Ses films lui ressemblent. Elle les défend jusqu’au bout. Corinne Masiero, révélée dans l’œuvre de Cyril Mennegun, “Louise Wimmer” (2012), est une actrice engagée aussi bien dans le monde du cinéma que dans sa vie privée. Ou plutôt, celui des autres. Elle est forgée d’empathie, d’engagement, de sensibilité, de “déconne”, mais aussi d’humour pour la vie comme pour le septième art. Originaire de Douai dans le Nord, elle a vécu dans la débrouille et dans un environnement où la misère règne et celle-ci a souvent été le décor de son cinéma. 

Un cinéma social

Il suffit de regarder un des films dans lesquels Corinne Masiero a tourné et, de l’écouter sur les plateaux télévisés pour y voir un jeu de miroir. Ses engagements politiques et ses convictions ne cessent d’apparaître dans ses films. Femme vivant dans sa voiture dans Louise Wimmer (2012), employée révoltée de supermarché dans Discount (2014) ou encore directrice d’un centre pour femmes sans-abri dans Les Invisibles (2018), l’actrice prend partie pour les marginalisés de la société, les oubliés. Des éléments de sa vie peuvent même figurer dans ses films. L’actrice confiait dans une interview de Télérama en 2012, qu’elle a, comme Louise Wimmer, dû dormir dans sa voiture. Les plus démunis, elle les défend aussi bien dans la vie que dans ses rôles. Incarner des sans-abris, c’est aussi passer un message, une manière de manifester. Pour qu’elle puisse apparaître dans un film, il faut qu’elle puisse le défendre. Corinne Masiero, c’est l’expression citoyenne par le cinéma. Son amie nordiste, Sophie Penicot le confirme : “Corinne accepte les films dans lesquels elle s’y retrouve. Elle défend les causes de celles et ceux qui sont dans la merde”.

“Corinne est une admiratrice des gens

qui se démerdent vite et qui deviennent autonomes”

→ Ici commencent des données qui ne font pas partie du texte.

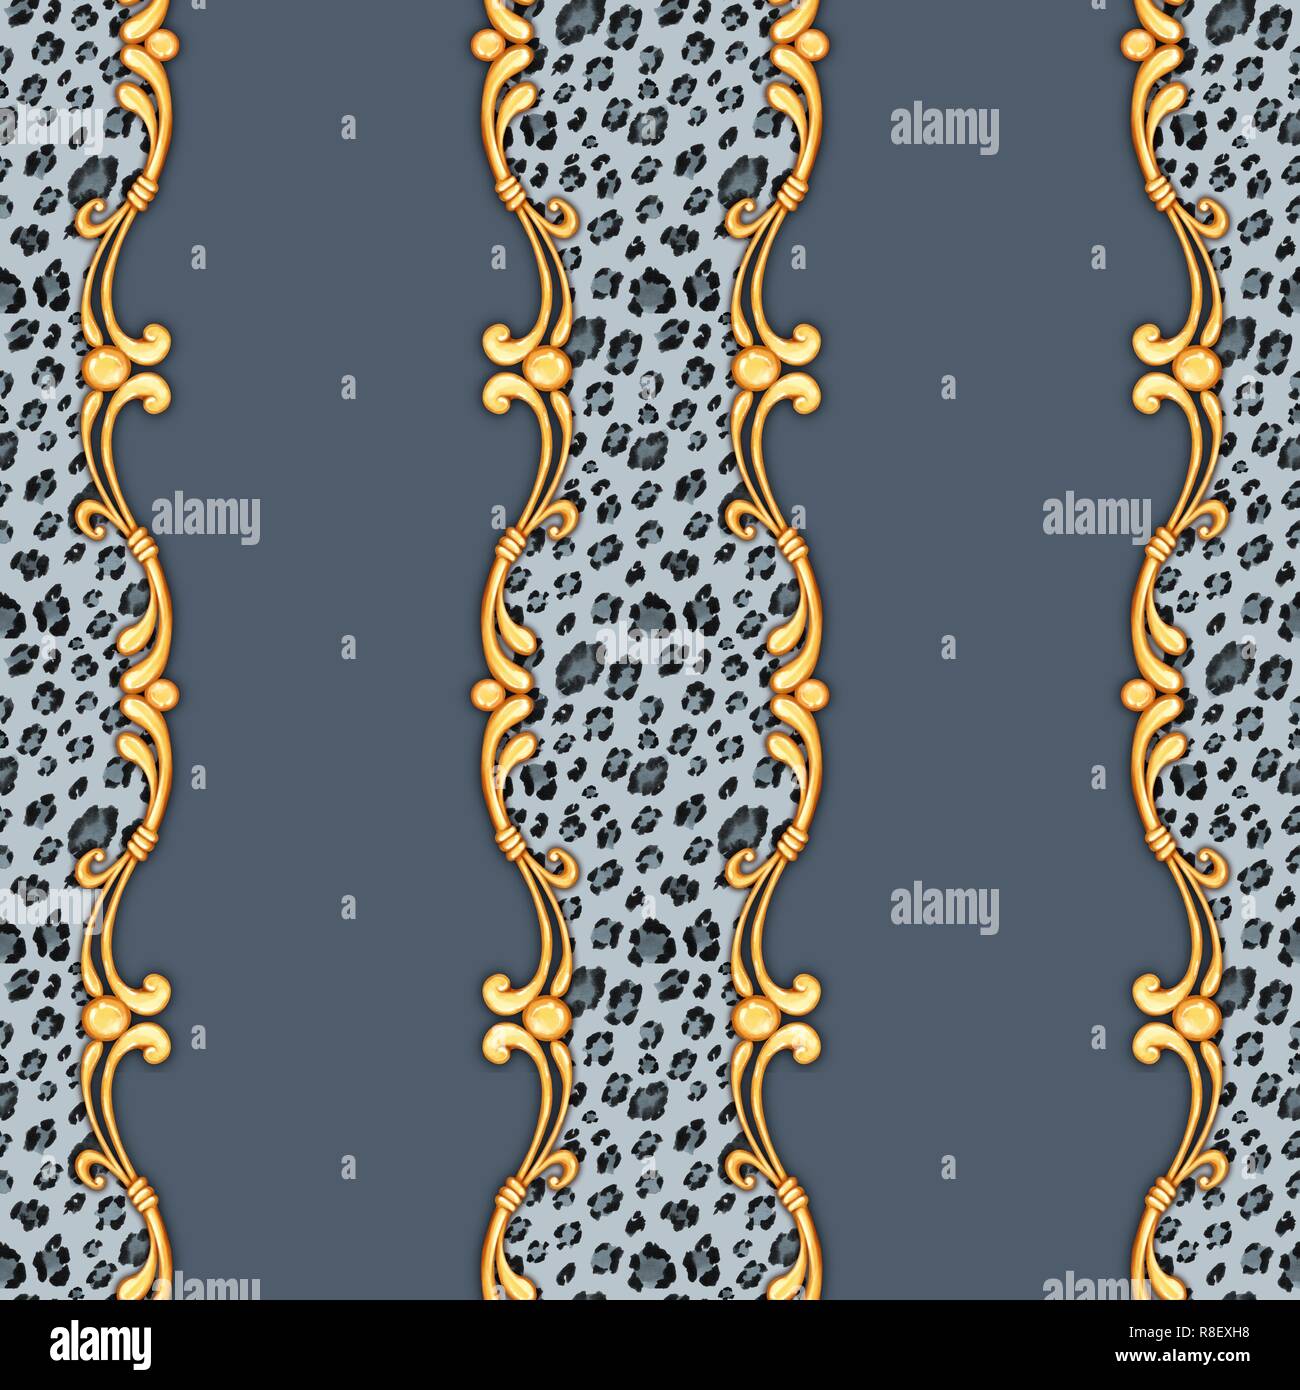 Seamless leopard pattern and golden baroque elements. Stock Photo

Sophie Penicot, amie de corinne masiero

Le cinéma et…la vie associative

La comédienne est marraine de nombreuses associations qui défendent les causes qui lui tiennent à cœur. Parmi celles-ci, figurent Essor Espoir pour donner du travail aux personnes en réinsertion ou MIAA pour les sans-abris. Elle a donné son poing levé en faveur des Gilets Jaunes qu’elle a défendu activement. D’ailleurs, elle a joué le rôle d’une ancienne gilet jaune dans le film Effacer l’historique, de Benoît Delépine sorti l’an dernier. Film mettant en avant la manipulation de nos données personnelles par les GAFAM (Google, Amazon. Facebook, Amazon et Microsoft). Un engagement de plus. 

L’humour au service du social

Le social n’interdit pas l’humour. La protagoniste de la série Capitaine Marleau est souvent qualifiée de blagueuse. Sophie Penicot souligne le côté “déconne” de son amie actrice : “Corinne a beaucoup d’humour. Dans les films, elle aime aussi s’éclater et faire la débile, se lâcher !”. Cette “éclate”, on ne la perd pas de vue dans Les Reines du Ring (2013), mettant en scène un gang de catcheuses du Nord de la France. Elle prépare même un projet sur les zombies, histoire de continuer à “délirer”.  Mais l’humour n’empêche pas de faire du cinéma social. Corinne Masiero ne voit pas le rire comme inséparable de la cause sociale. Il peut même aider, selon elle. Effacer l’historique ou Les Invisibles abordent des sujets sociétaux par le prisme de la dérision, qui contribuent à faire réfléchir le spectateur. Elle peut être un déclencheur de réflexion et Corinne Masiero en est consciente. L’actrice disait dans une interview de Télérama : “Je suis pour la désobéissance civile, mais avec humour”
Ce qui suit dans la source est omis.